| To do |
Extract each line of the material that follows exactly and omit its pictures.

#### Supplied material ####

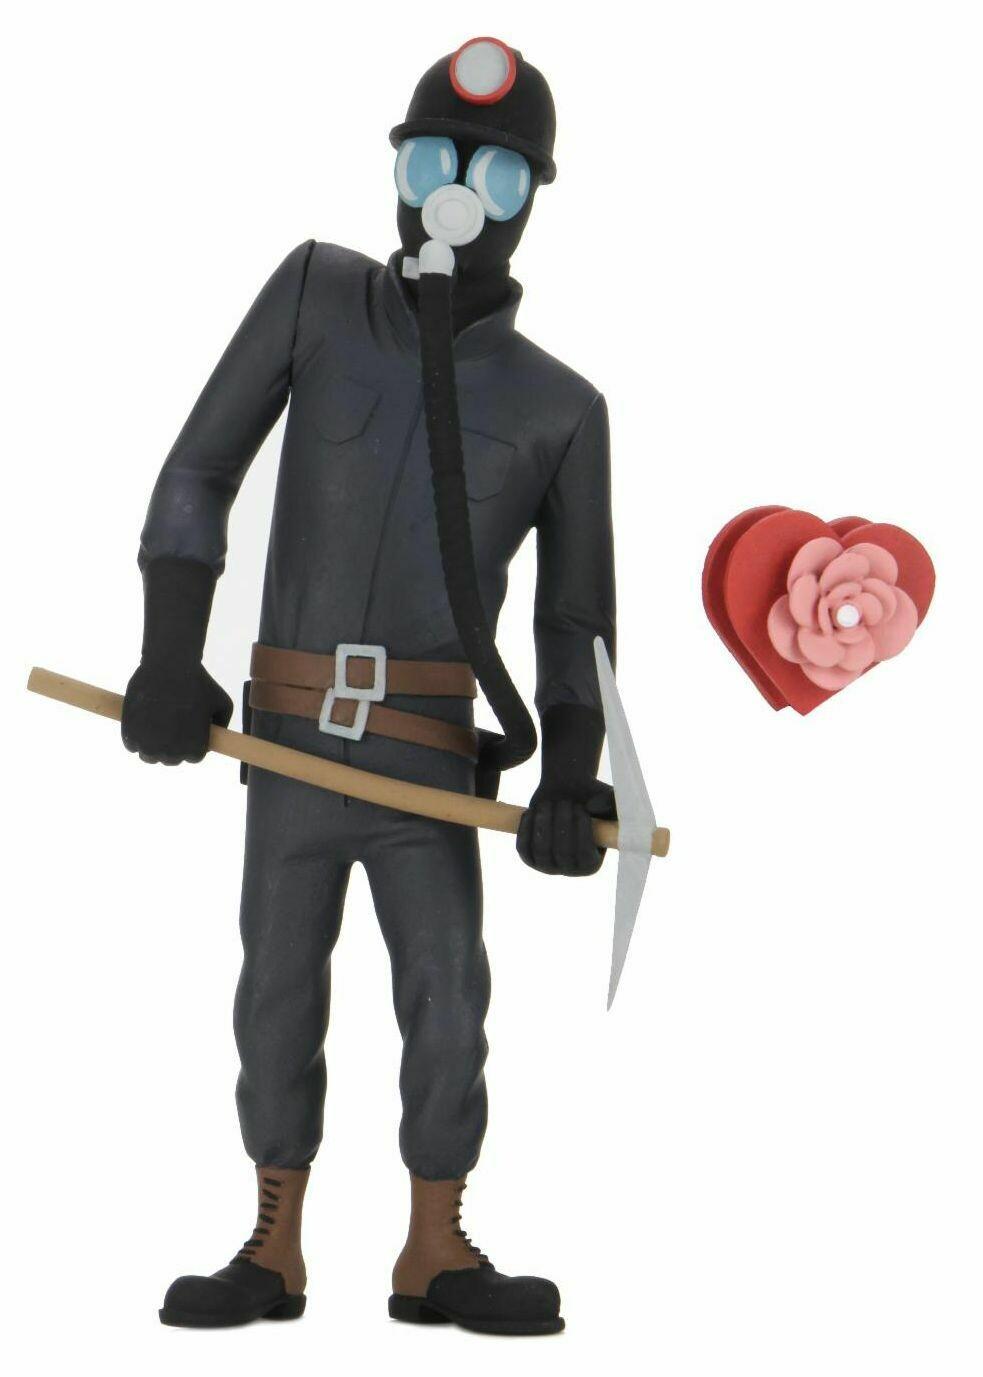 PRE-ORDER Neca My Bloody Valentine Toony Terrors The Miner
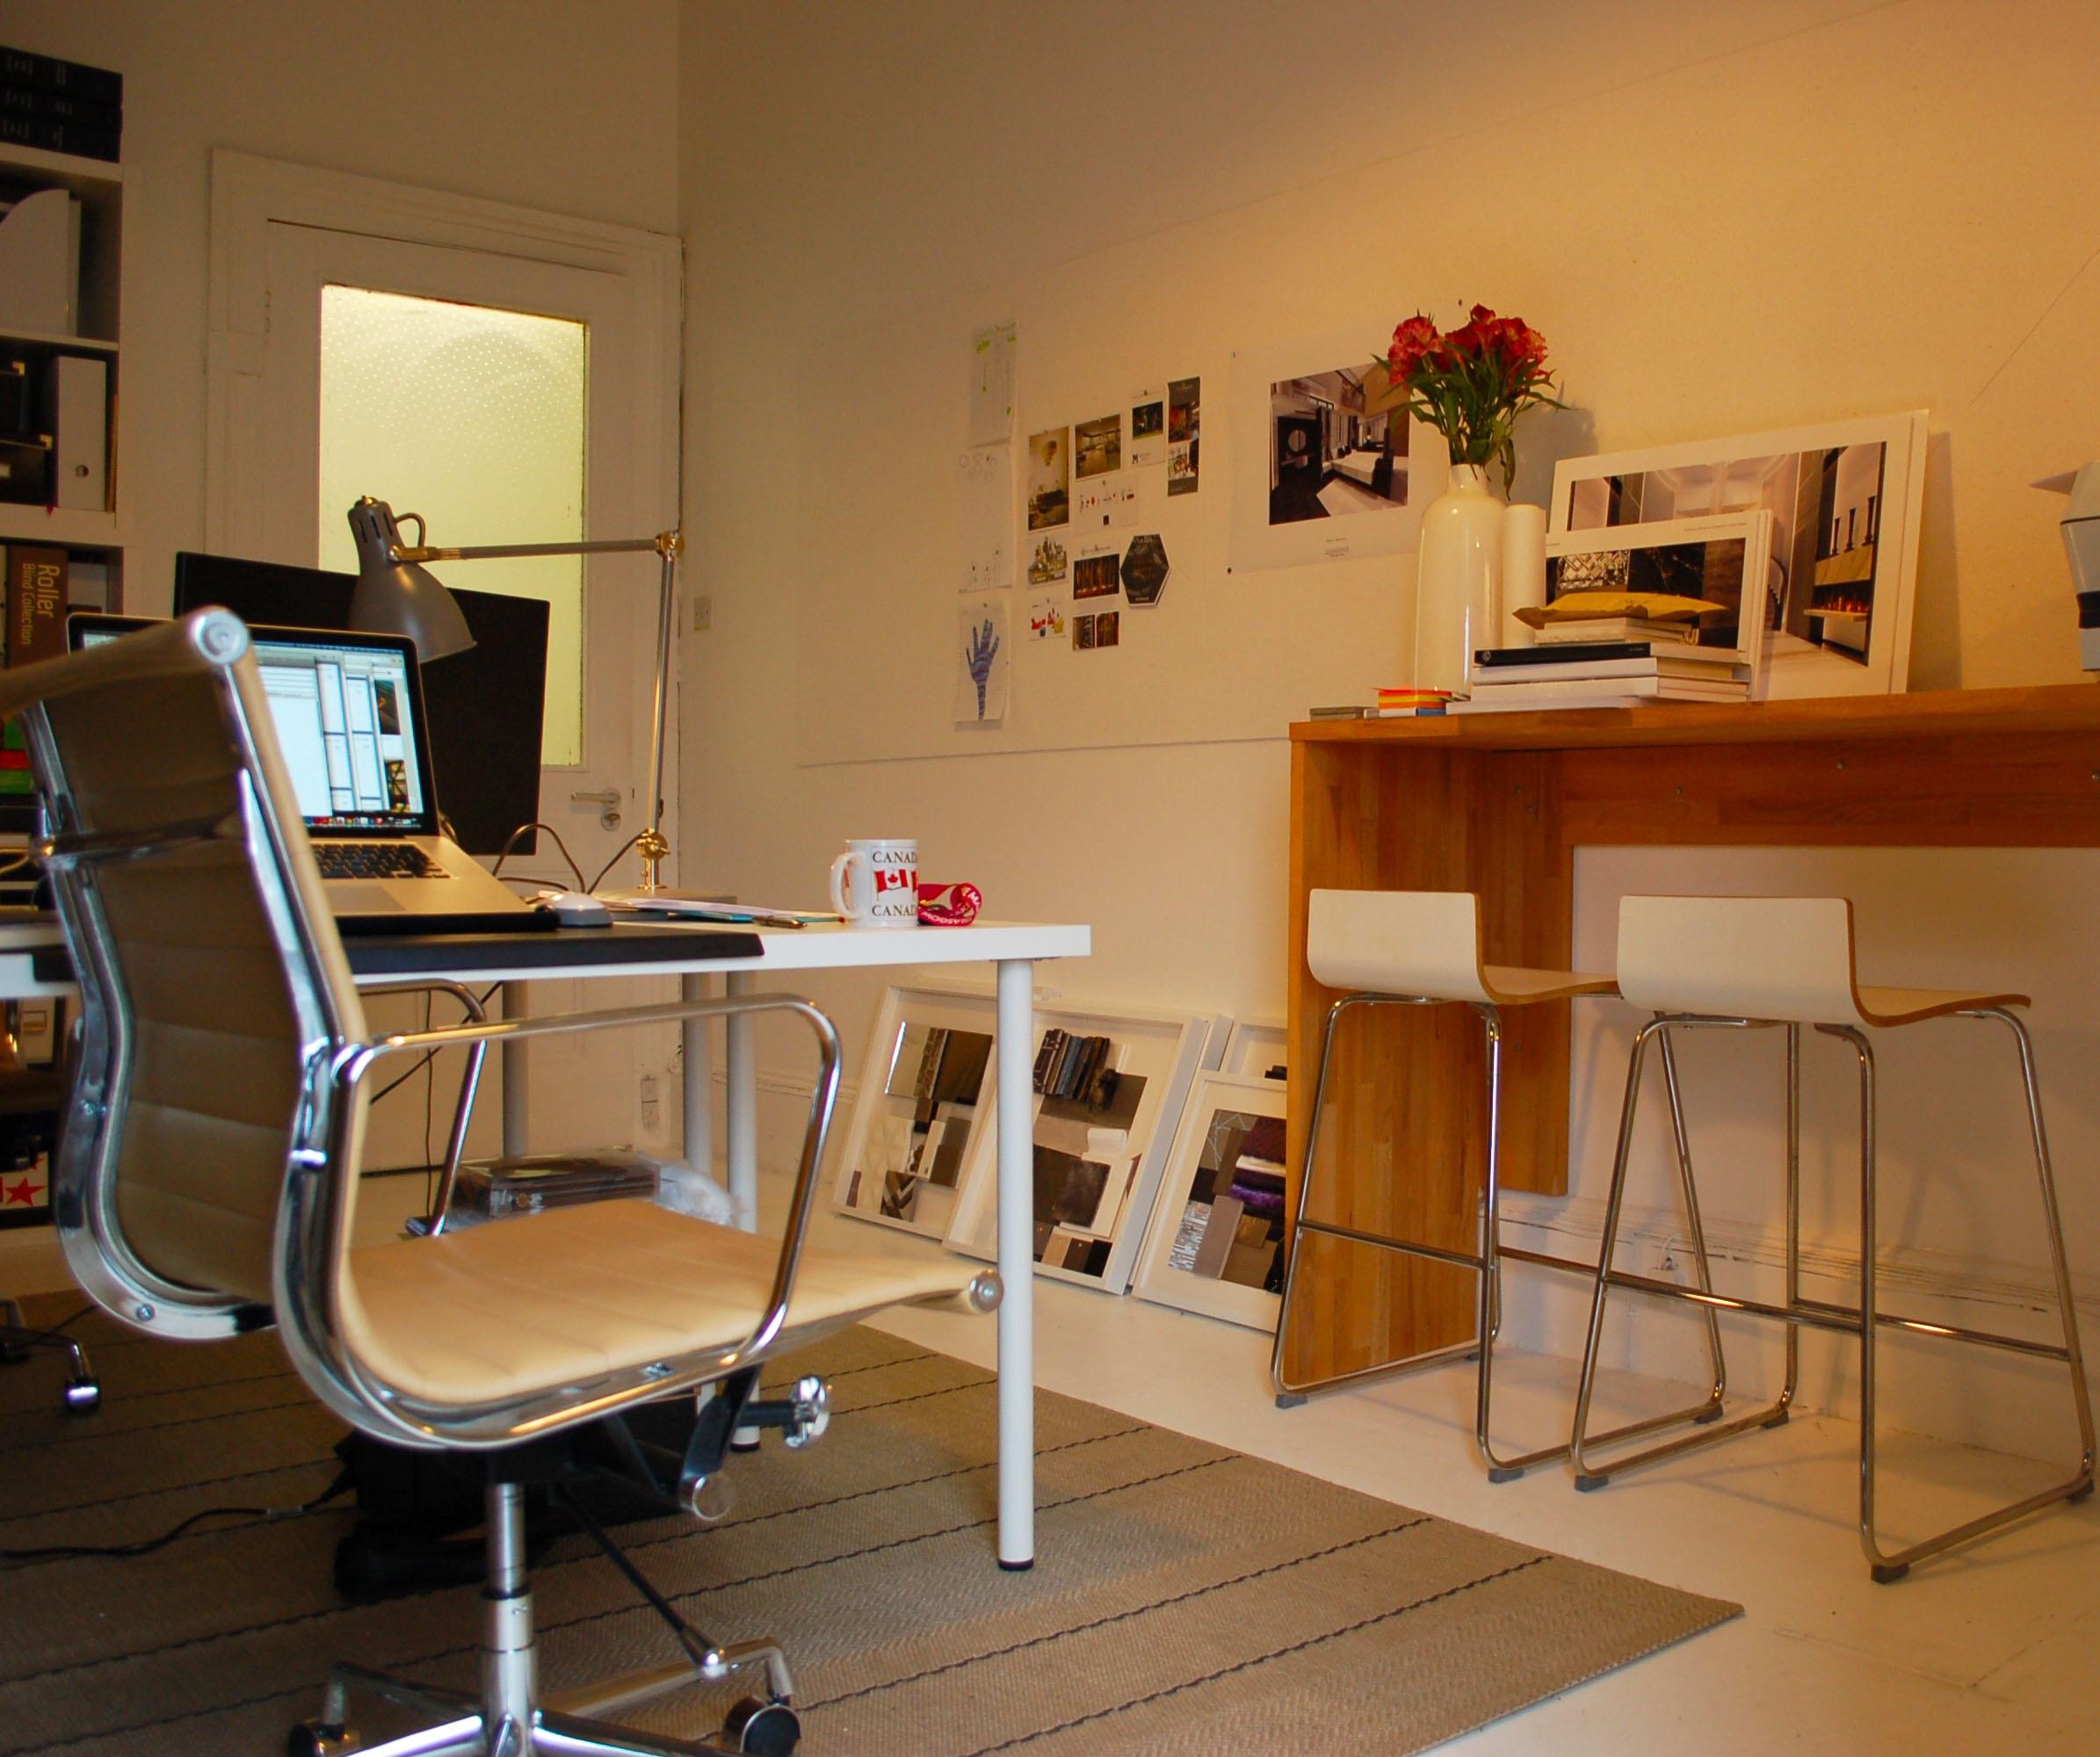 Fotos Gratis : Ordenador Portátil, Escritorio, Mesa
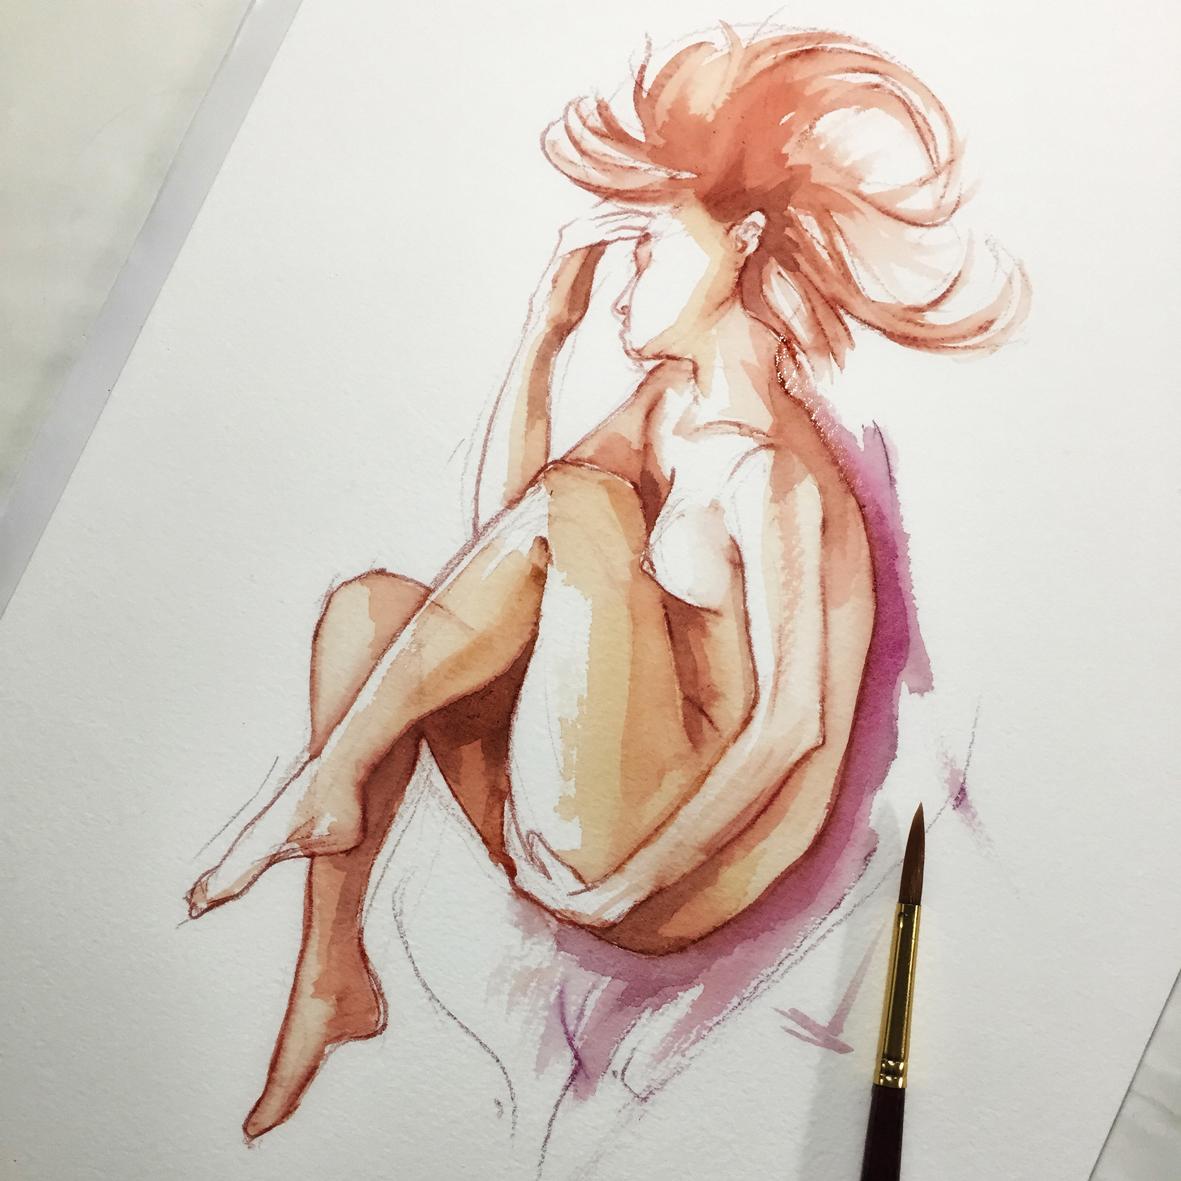 009 Radmila2 Vito Lentini Designer Acquarelli Sketches
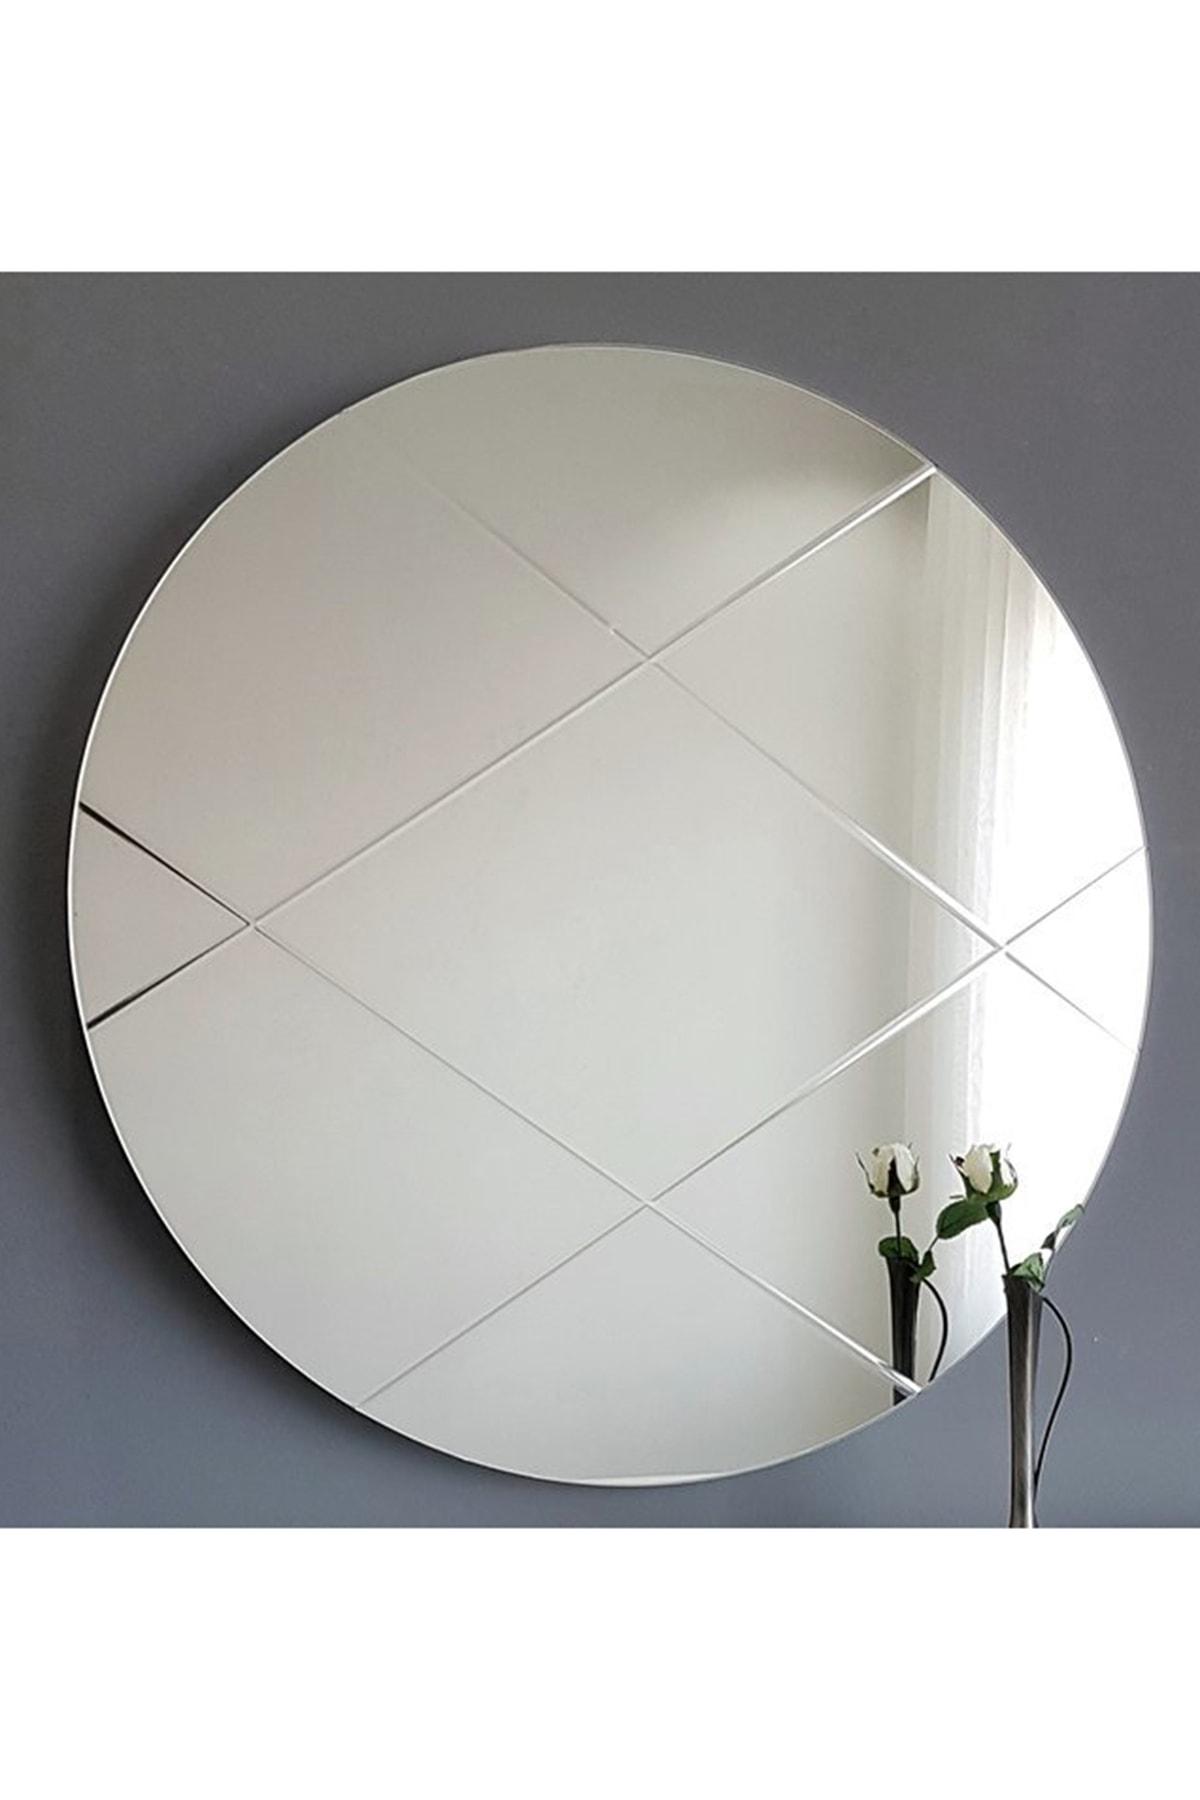 Vivense Neostill Yuvarlak Ayna Baklava Desen 60Cm 1

####

| Response to the exercise |
 PRE-ORDER Neca My Bloody Valentine Toony Terrors The Miner
 Fotos Gratis : Ordenador Portátil, Escritorio, Mesa
 009 Radmila2 Vito Lentini Designer Acquarelli Sketches
 Vivense Neostill Yuvarlak Ayna Baklava Desen 60Cm 1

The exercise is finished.